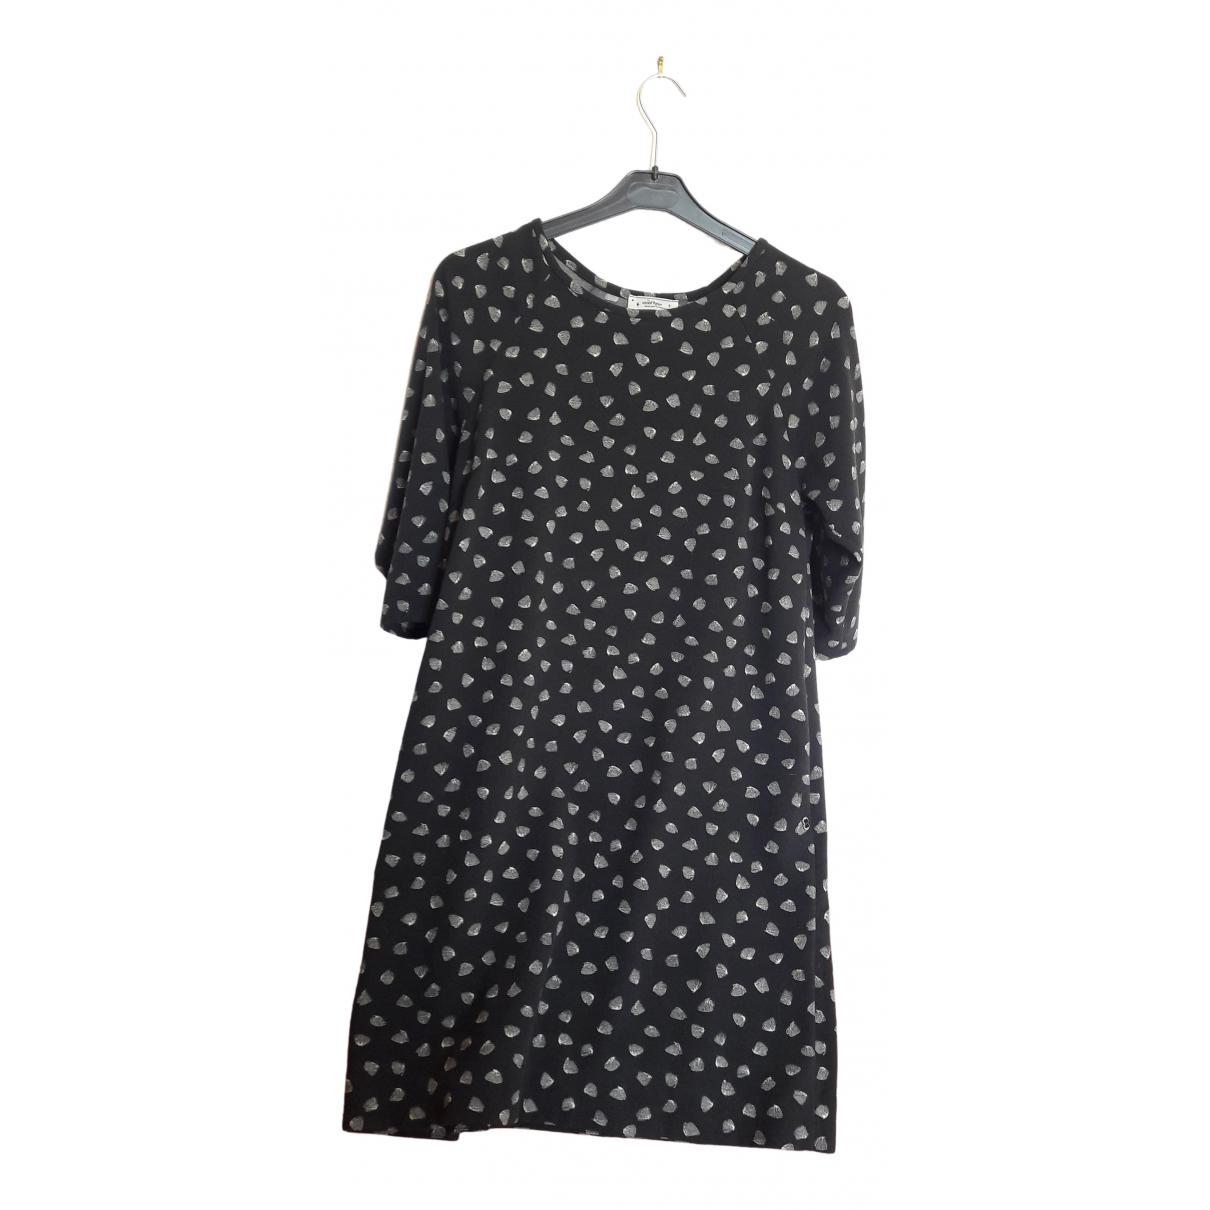 Ottod'ame \N Black Cotton dress for Women 40 FR
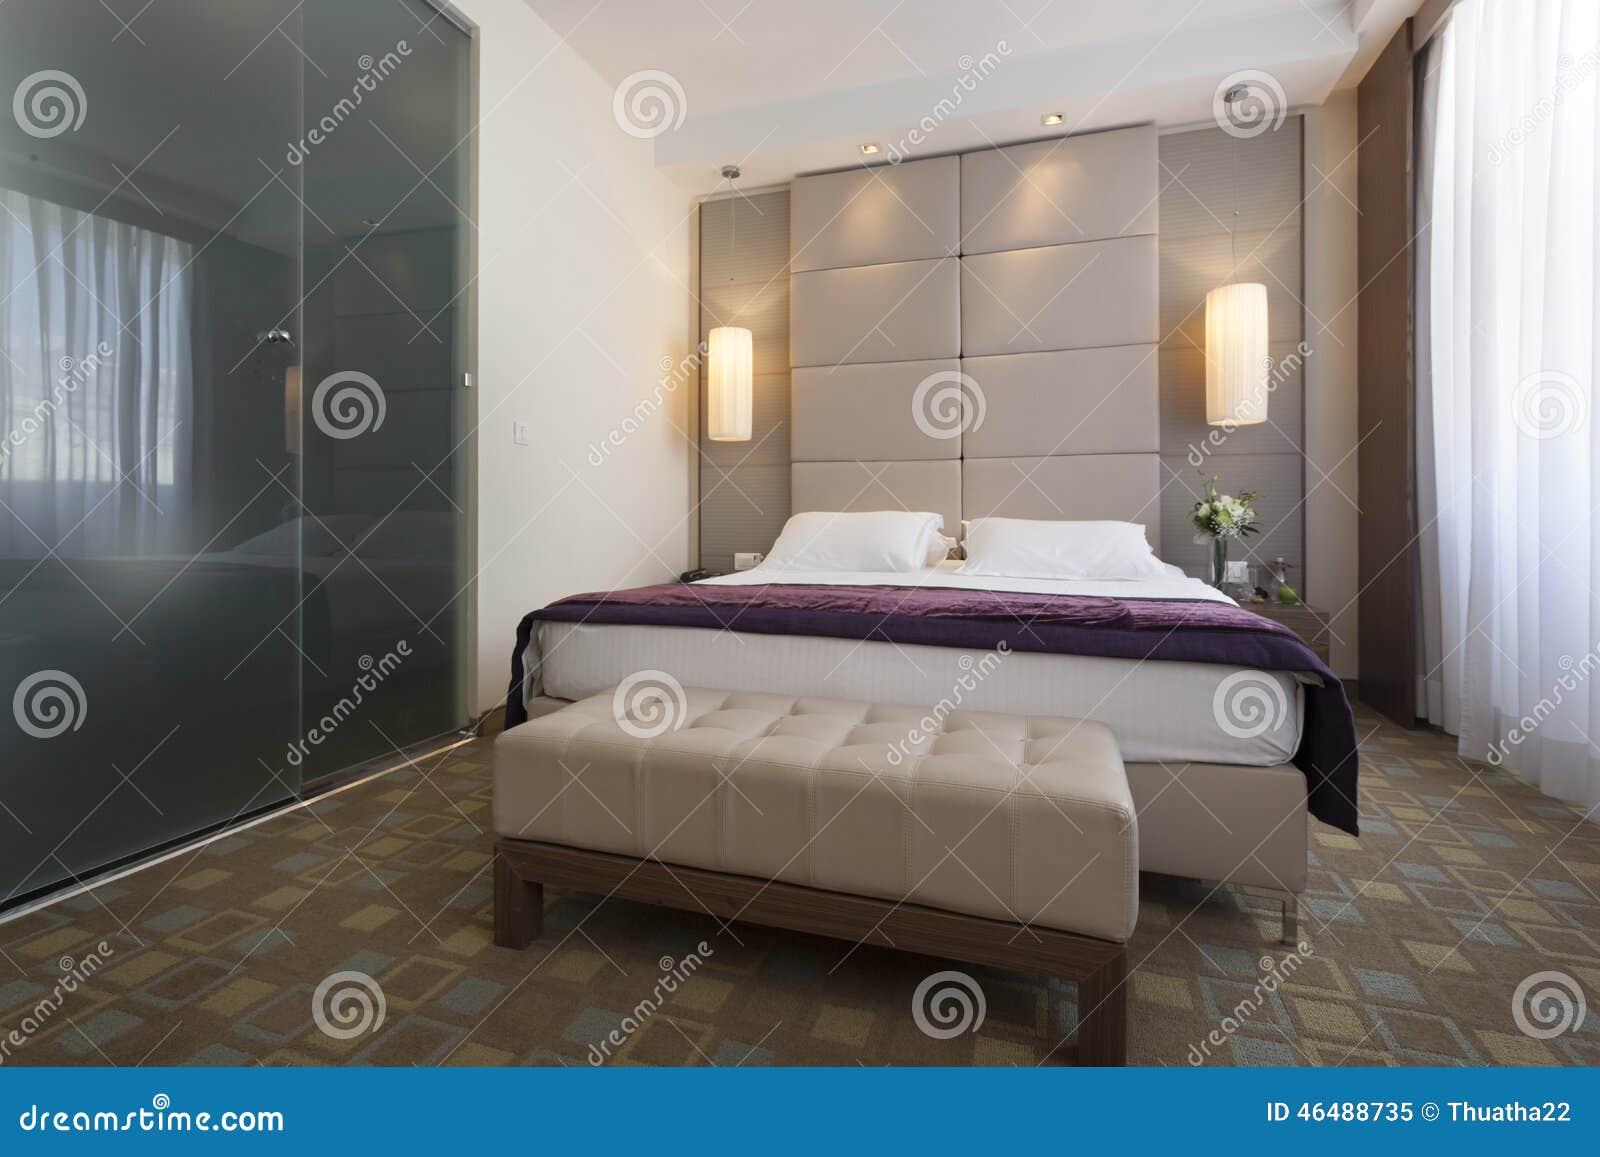 Interior of a luxury hotel bedroom with bathroom stock for Salle de bain hotel
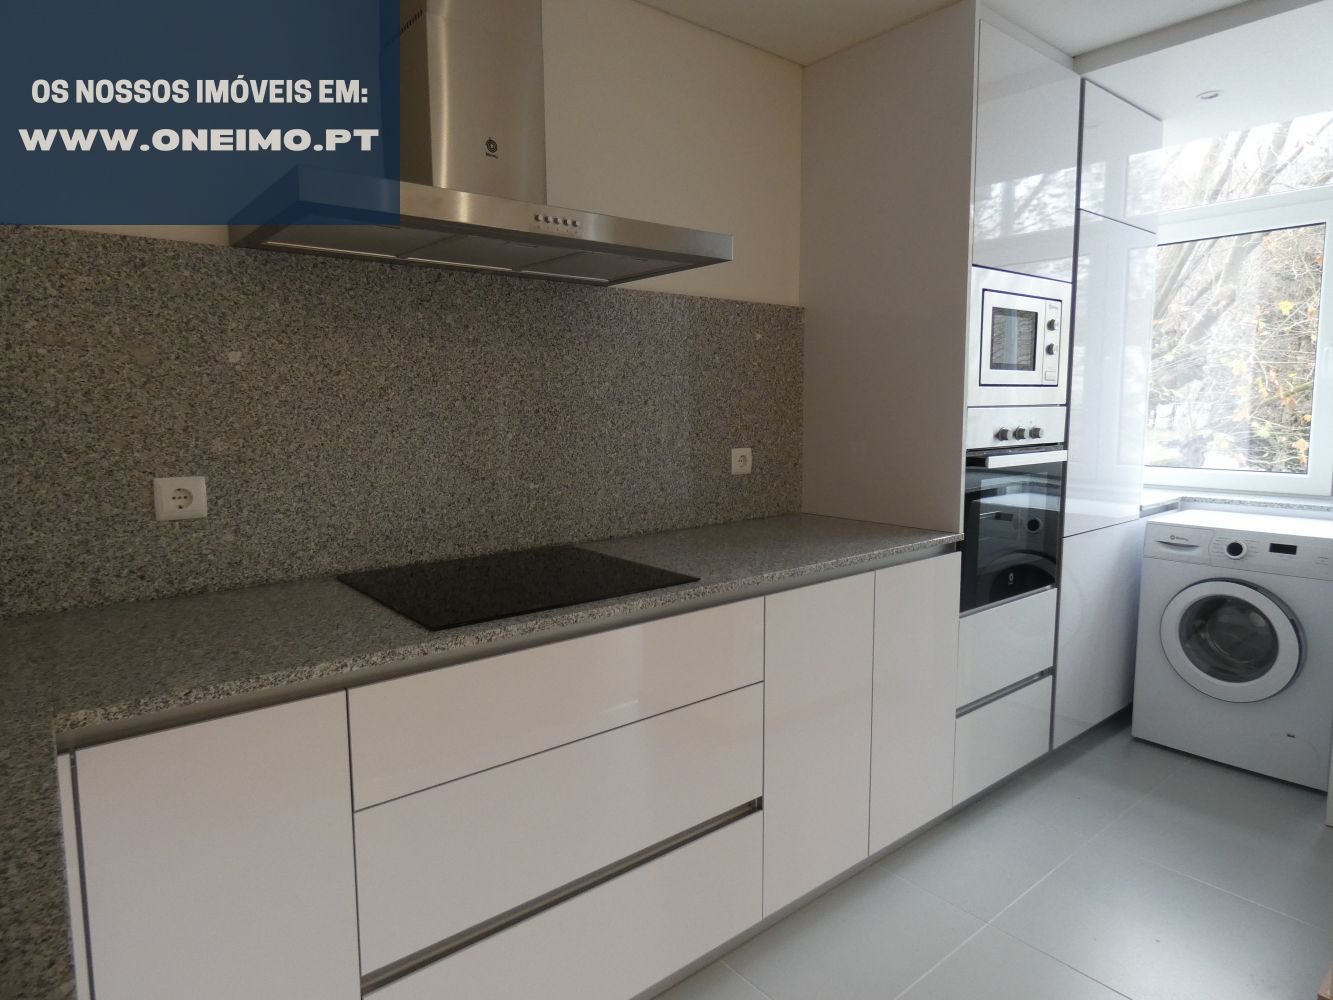 Venda Apartamento T1+1

######

Give back the data exactly. Pictures stay out.

— Result below —
 Ottod'ame \N Black Cotton dress for Women 40 FR
 Interior of a luxury hotel bedroom with bathroom stock for Salle de bain hotel
 Venda Apartamento T1+1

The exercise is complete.